Wednesday, November 29, 2006

Set Pieces (2001)

[This is a set piece I wrote in September/October 2001]

I first noticed the odd literary use of the expression "set piece" in book reviews. In my favorite example, quite a few reviewers used the term to refer to the opening section of Don DeLillo's novel Underworld. This lengthy prologue is a description of the 1951 baseball playoff when Bobby Thomson of the New York Giants hit a game-winning home run The New York Times dubbed "the shot heard round the world" (even though the issue's other lead story reported the Soviet Union's first detonation of a hydrogen bomb). The expression "set piece" not only does not do justice to such a virtuoso performance, it is also—independent of the passage's quality or style—not really applicable to it at all.

In a set piece in sports, players do a series of planned things in order to achieve a particular goal: the hit-and-run in baseball; the pick-and-roll John Stockton and Karl Malone of the Utah Jazz perfected in basketball and executed thousands of times over the years; corner kicks or free kicks in soccer, so sublime when performed by David Beckham or Roberto Carlos, with all their power, grace, and precision. In a sense, every single play in American football is a set piece, at least at the beginning. In all these examples, a series of "set" moves has to be executed with precise timing in order for the action as a whole to succeed. In this light, regarding a passage in a novel as a "set piece" seems quite odd: the point of such a play is that it can and should be done over and over again in the same way, while DeLillo's prologue in Underworld—to return to my example—can only be done once.

The verbal set piece is in the realm not of the writer but of the raconteur. Think of those people who are so present at parties because of their virtuoso storytelling. Their narratives can occasionally be annoying, but such "set pieces" are more often thoroughly entertaining, full of wit and energy, told with precise timing and complete control of digressions and little ironies. Tucked into the flow of conversation, these little morality tales, however indirectly, comment on or correct statements made by others. Still, the raconteur does not finally aim to "score points," as it were, but to perform, to keep the conversational ball in play as artfully as possible—so as to provide openings for further stories down the line.

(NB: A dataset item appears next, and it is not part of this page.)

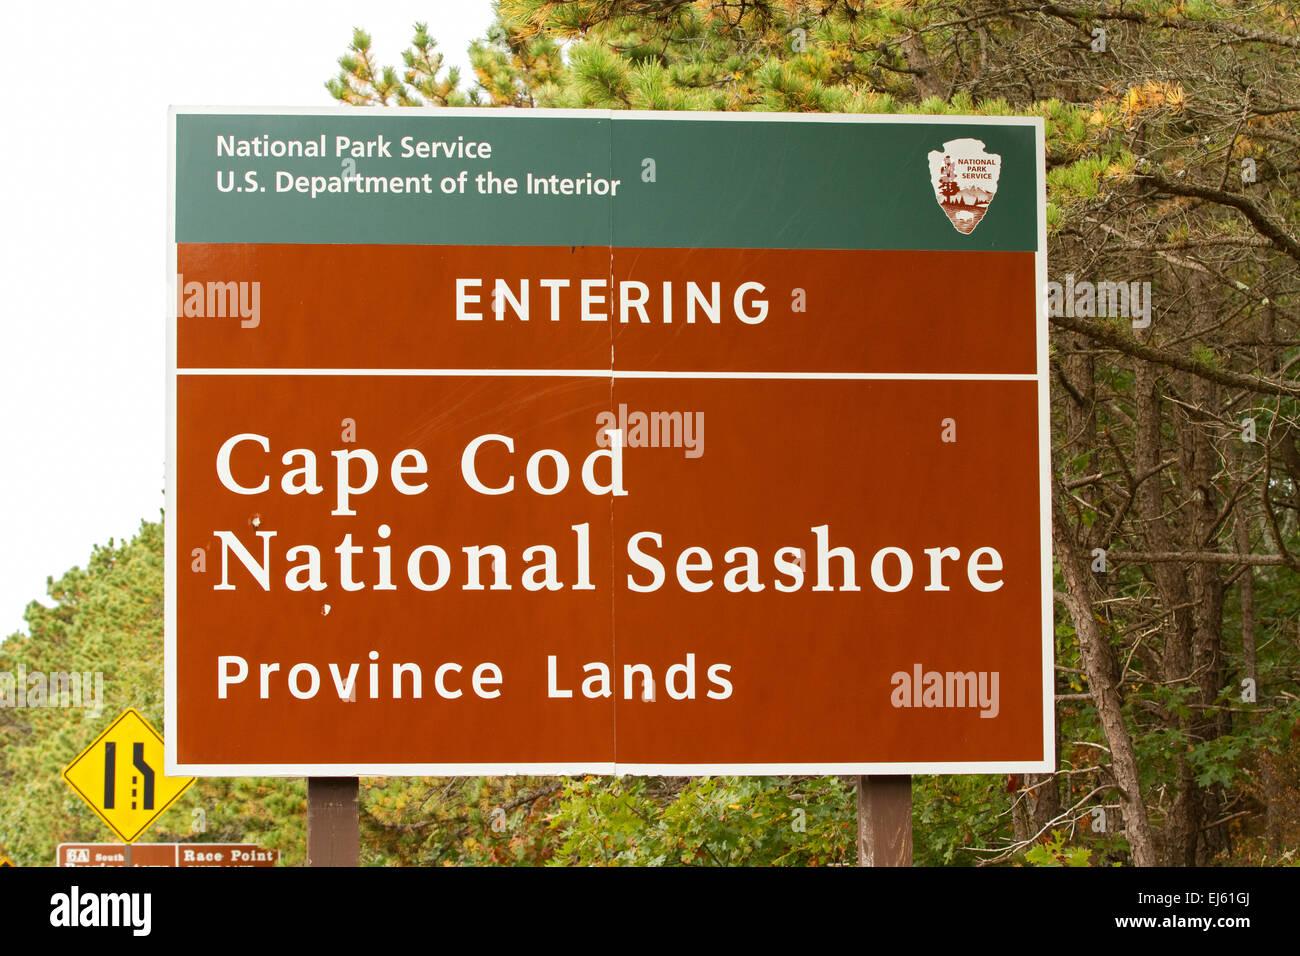 Cape Cod National Seashore National Park sign. - Stock Image
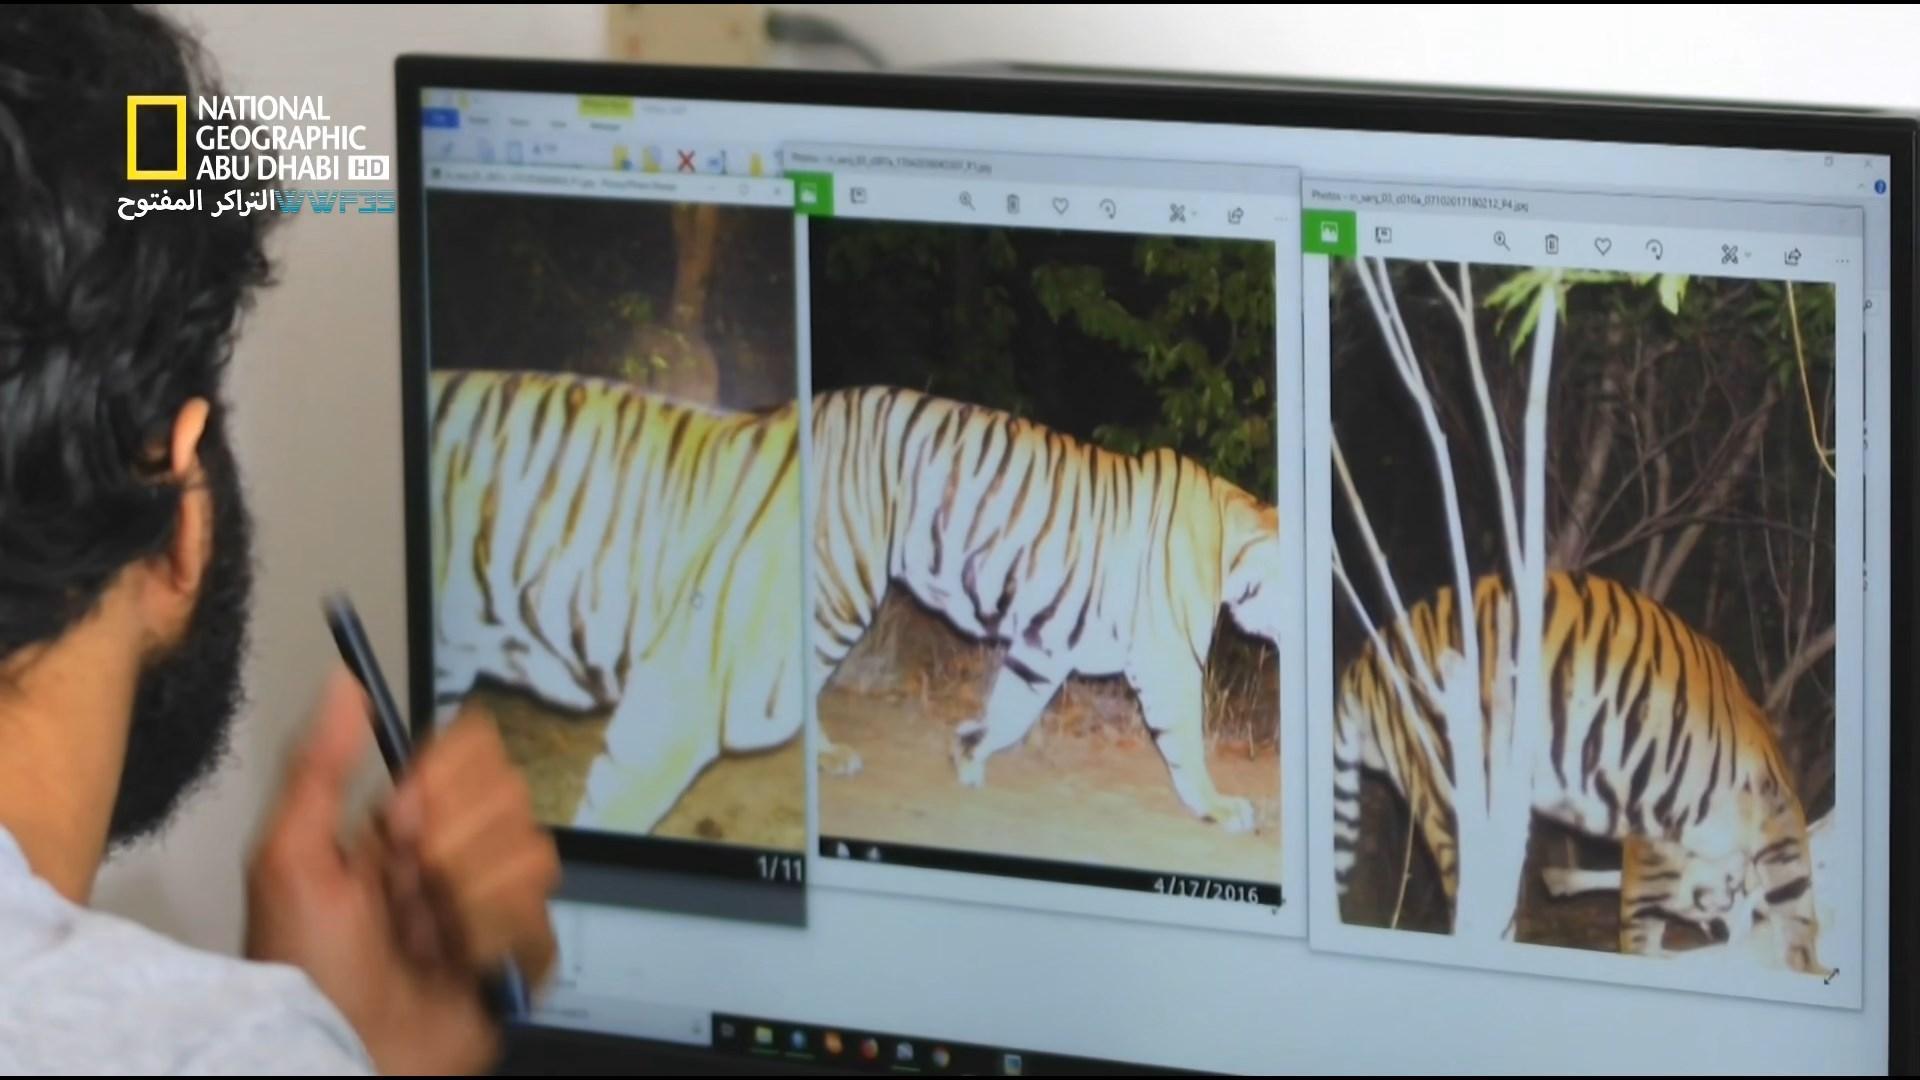 انقراض النمور counting tiger[مدبلج] [1080p] تحميل تورنت 6 arabp2p.com

Those who hear such stories often urge their tellers to write them down—but good raconteurs rarely have the temperament to be good writers. They are gregarious improvisers, not solitary composers; their pieces evolve in performance, not through the painstaking revision a writer like DeLillo puts into his work. The writer aims at the unrepeatable; the raconteur's story may evolve with time, so that if you hear it again, even years later, you may wonder why some of the details have changed, but the point of the set piece—or more precisely, of its telling—is finally its repeatability.


Donald Brown said...

Interesting. I didn't know "set-piece" had anything to do with sports. I believe I've seen certain episodes of "Finnegans Wake" referred to as "set-pieces," which I took to mean that they are almost more or less free-standing, in some cases, as in that opening segment of "Underworld," they were published separately, before the book appeared.

Andrew Shields said...

Don, your note made me look the expression up again:

1. A realistic piece of stage scenery constructed to stand by itself.

Is this perhaps the actual source of definition 2?

2. An often brilliantly executed artistic or literary work characterized by a formal pattern.

I think what I am missing in the general use of "set piece" is the idea of "a formal pattern." To me, there ought to be something standard about a literary "set piece." My Mom also mentioned the idea of a painter painting a crucifixion: a standard piece that one had to paint in order to have done everything a painter was supposed to have done.

3. a. A carefully planned and executed military operation. b. A situation, activity, or speech planned beforehand and carried out according to a prescribed pattern or formula.

The "prescribed pattern or formula" is perhaps what is here connected to the idea of a "set piece" in sports (which is apparently a British English expression, as is the American Heritage).